» Prompt:
Give a verbatim copy of the lines below, minus the pictures.
START Given information
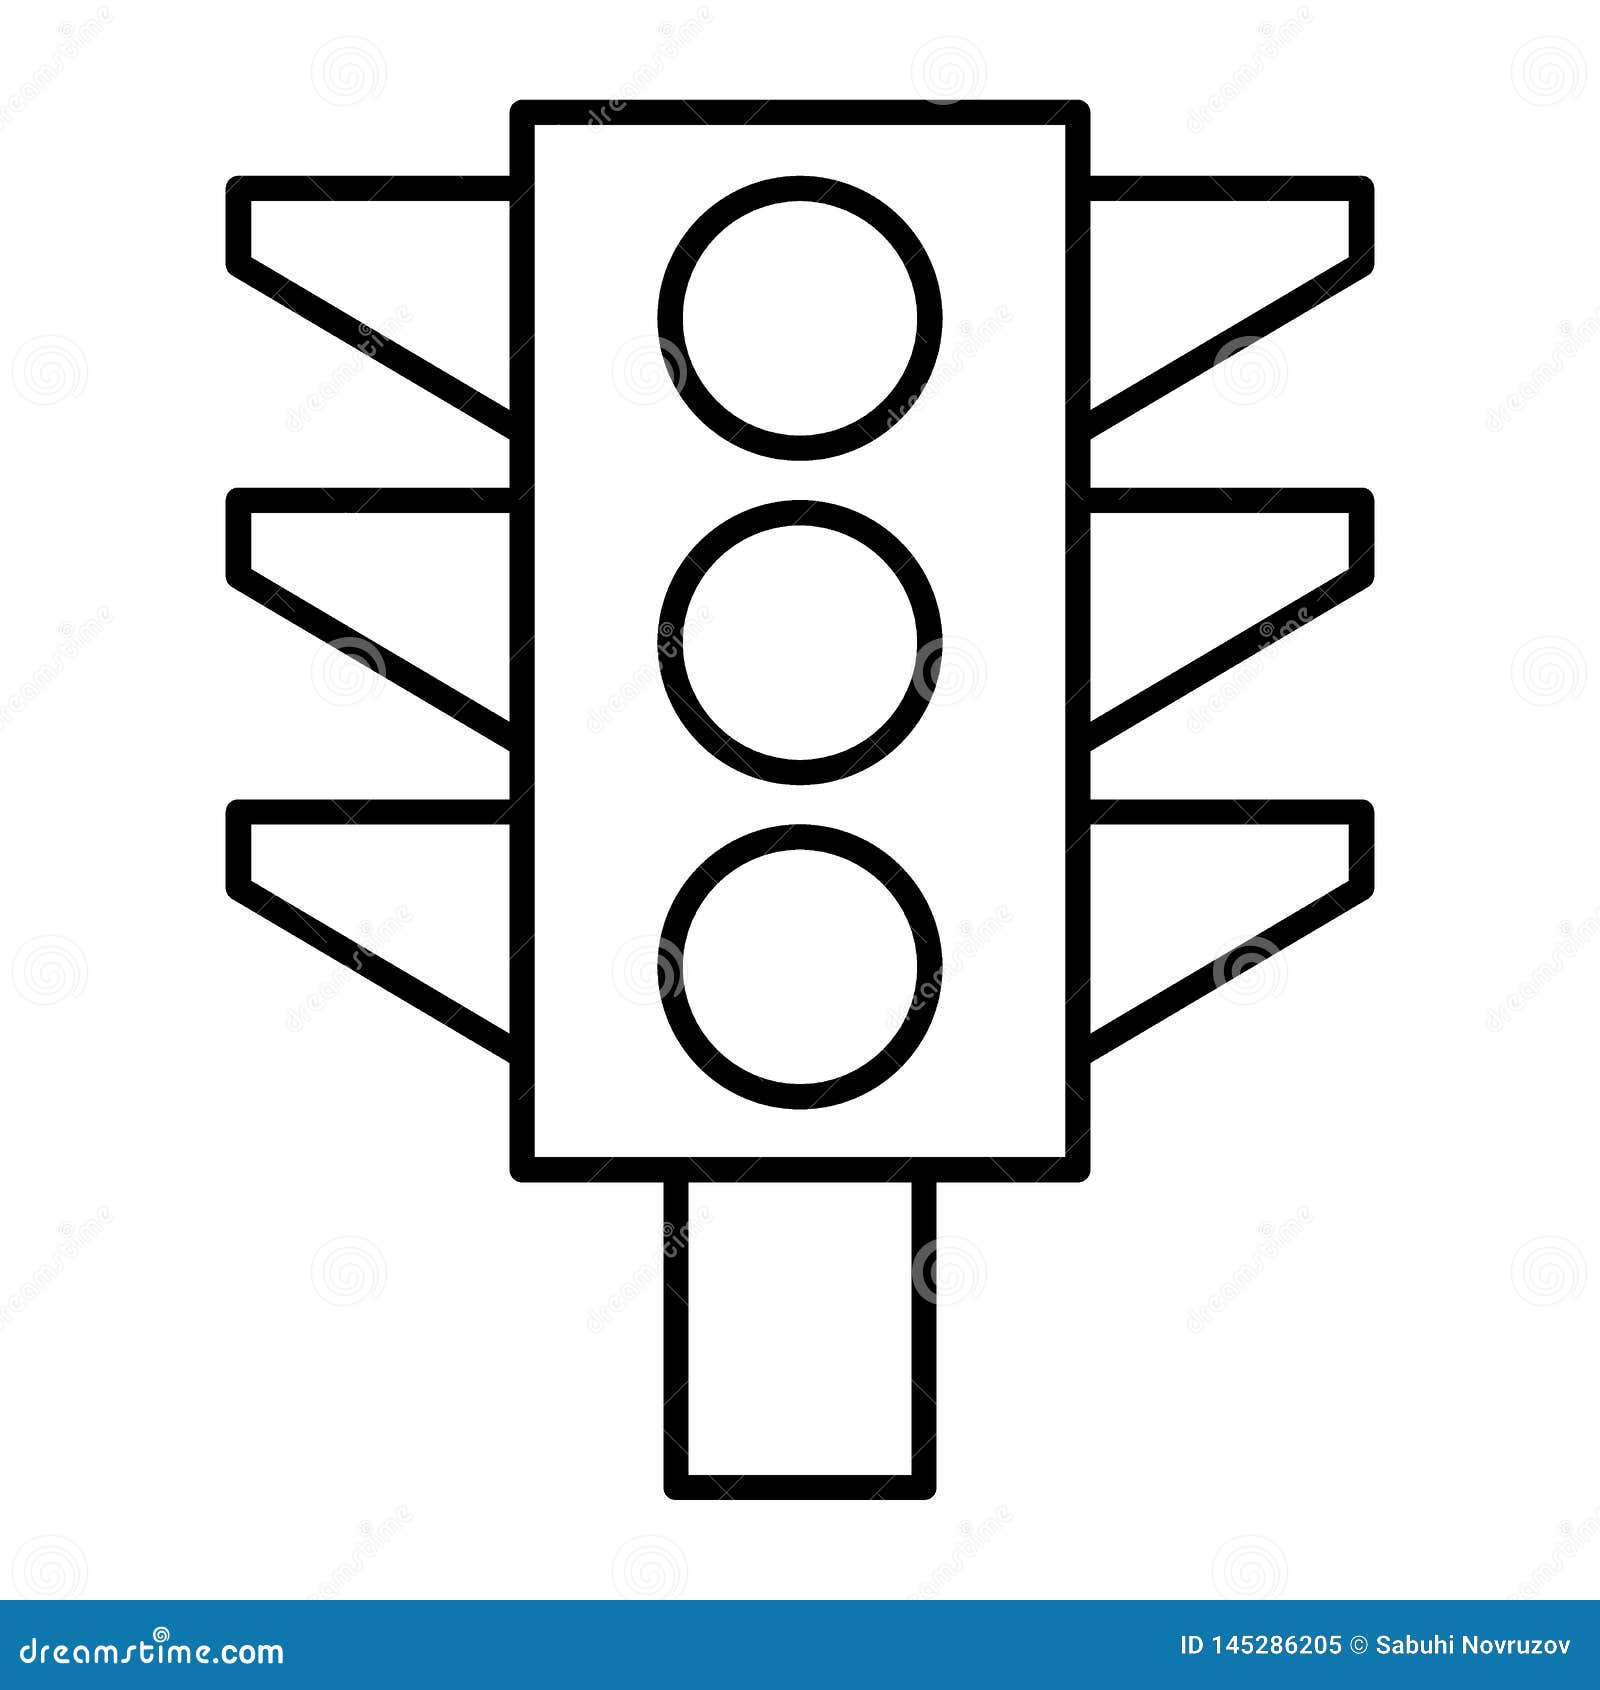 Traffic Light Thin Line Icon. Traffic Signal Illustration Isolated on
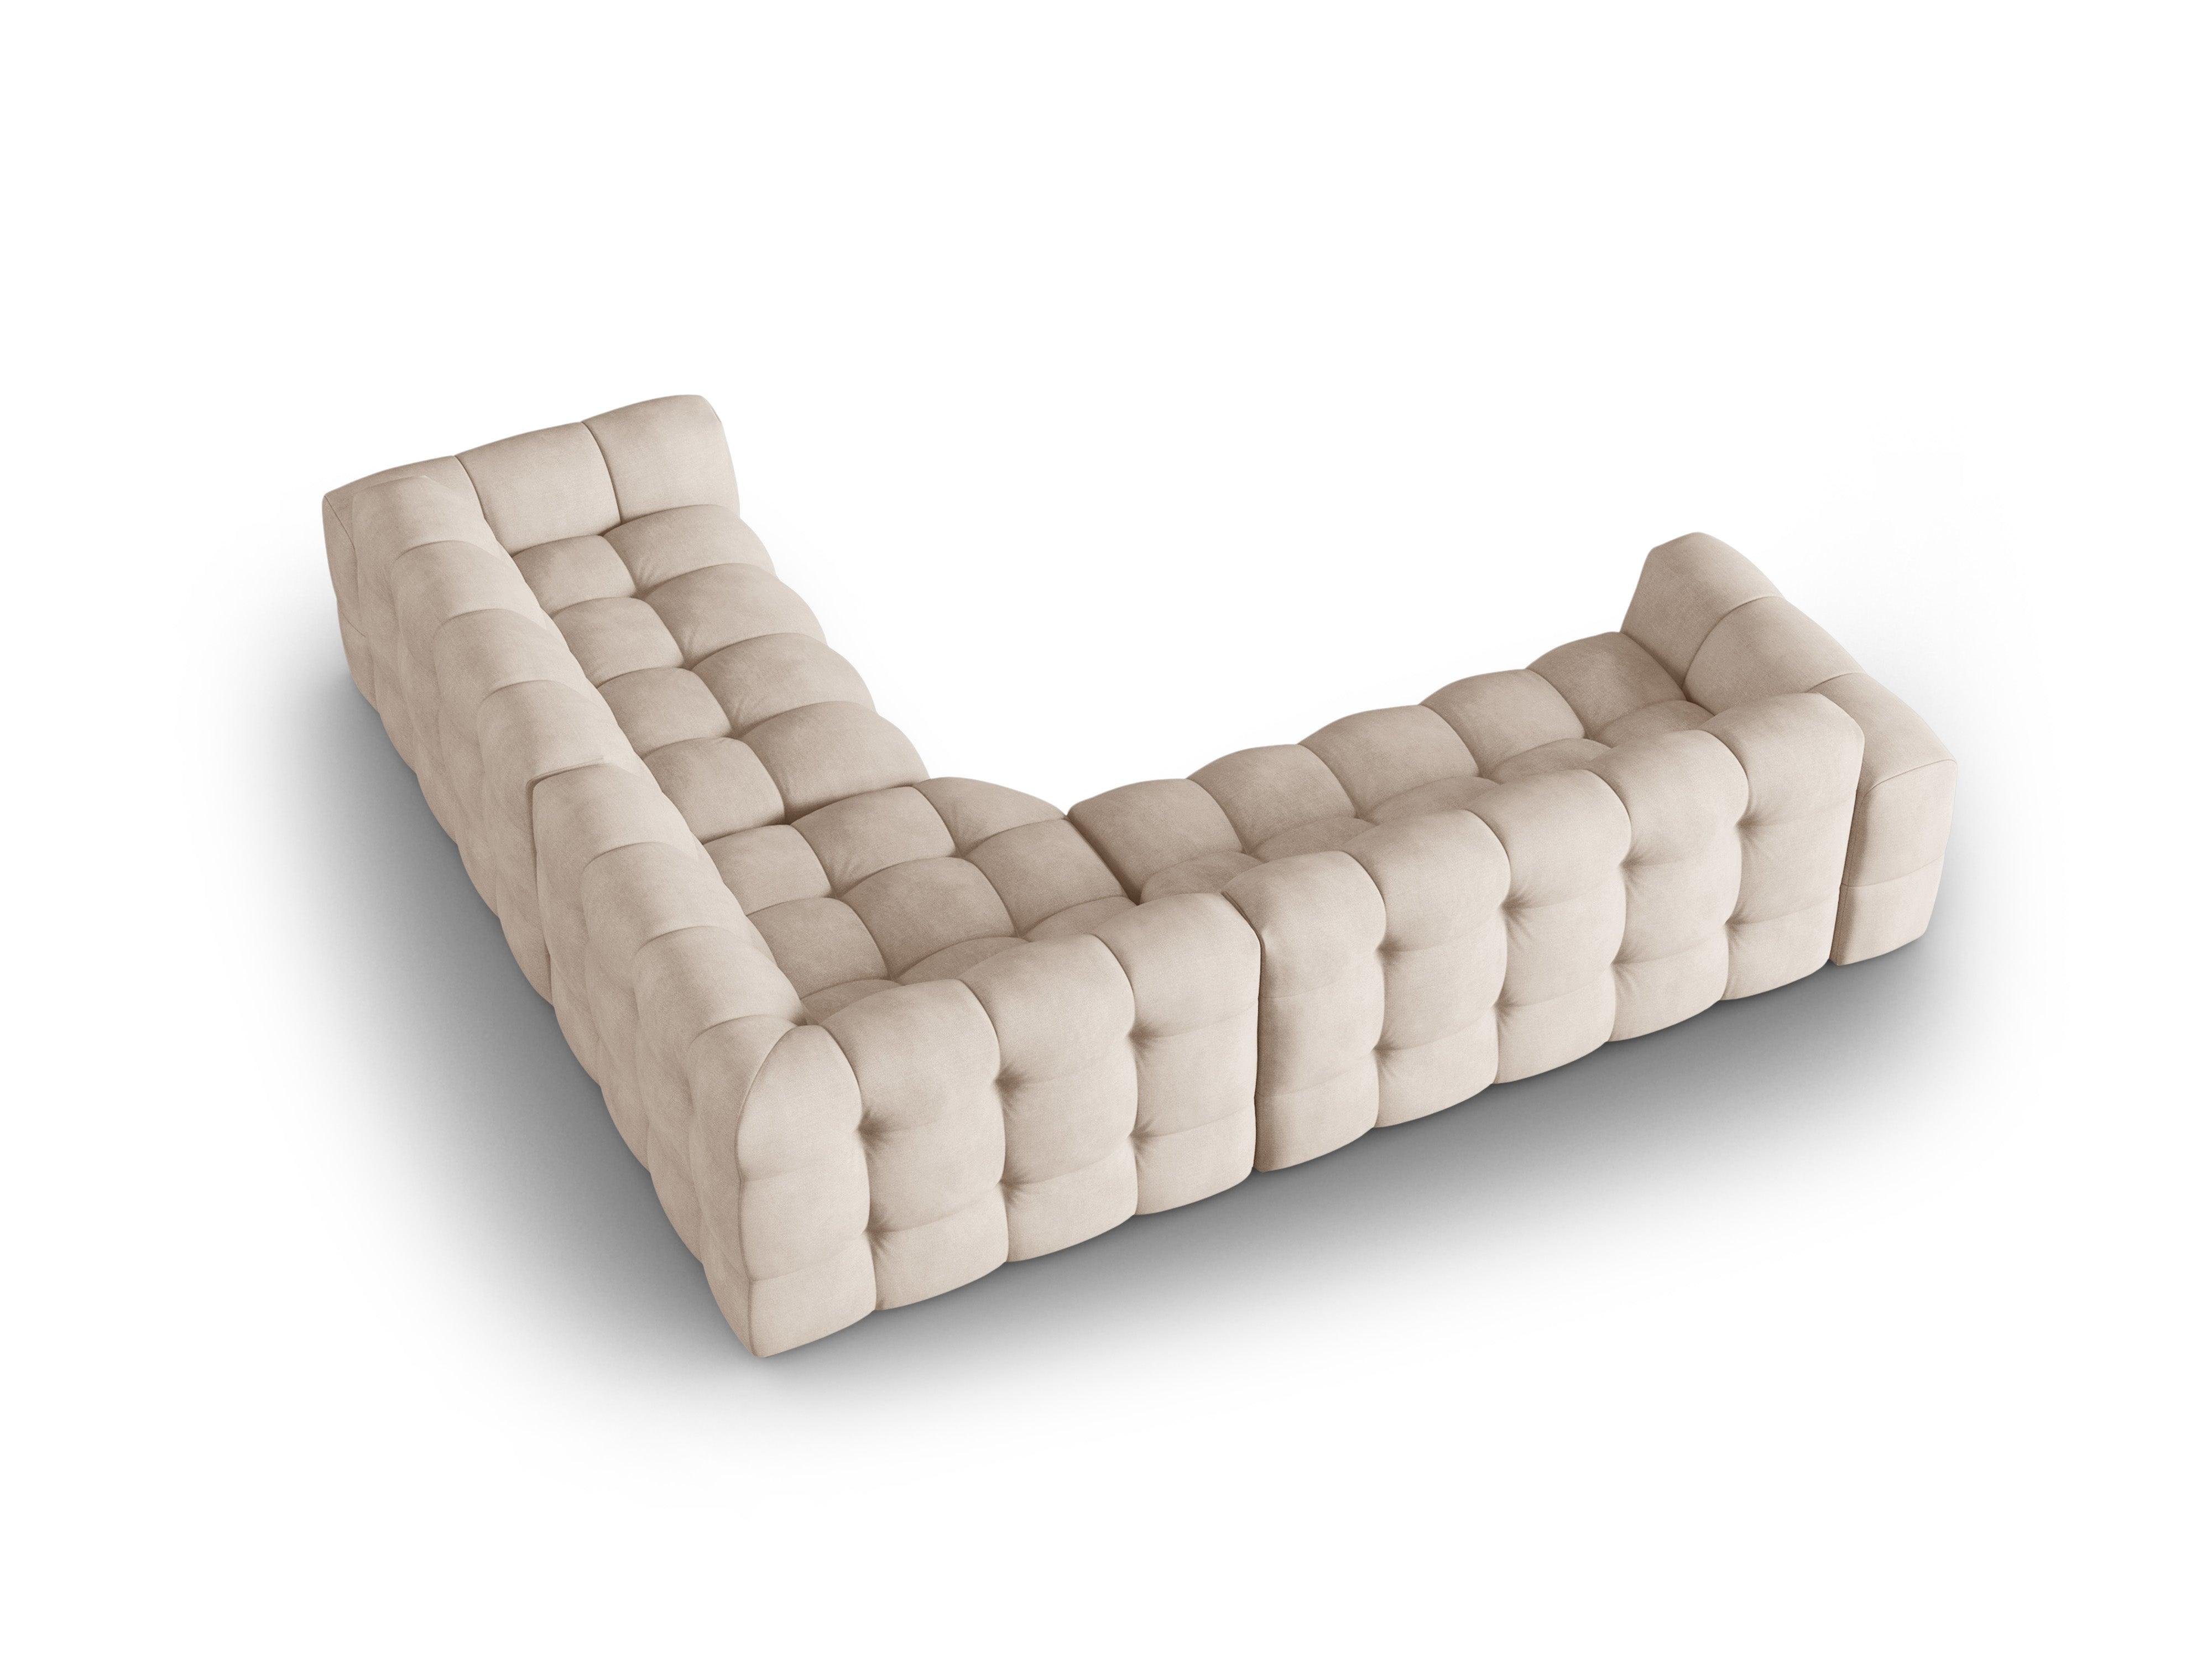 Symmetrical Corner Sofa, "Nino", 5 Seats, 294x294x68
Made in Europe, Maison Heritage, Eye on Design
END Given information
» Response to this task:
 Traffic Light Thin Line Icon. Traffic Signal Illustration Isolated on
 Symmetrical Corner Sofa, "Nino", 5 Seats, 294x294x68
Made in Europe, Maison Heritage, Eye on Design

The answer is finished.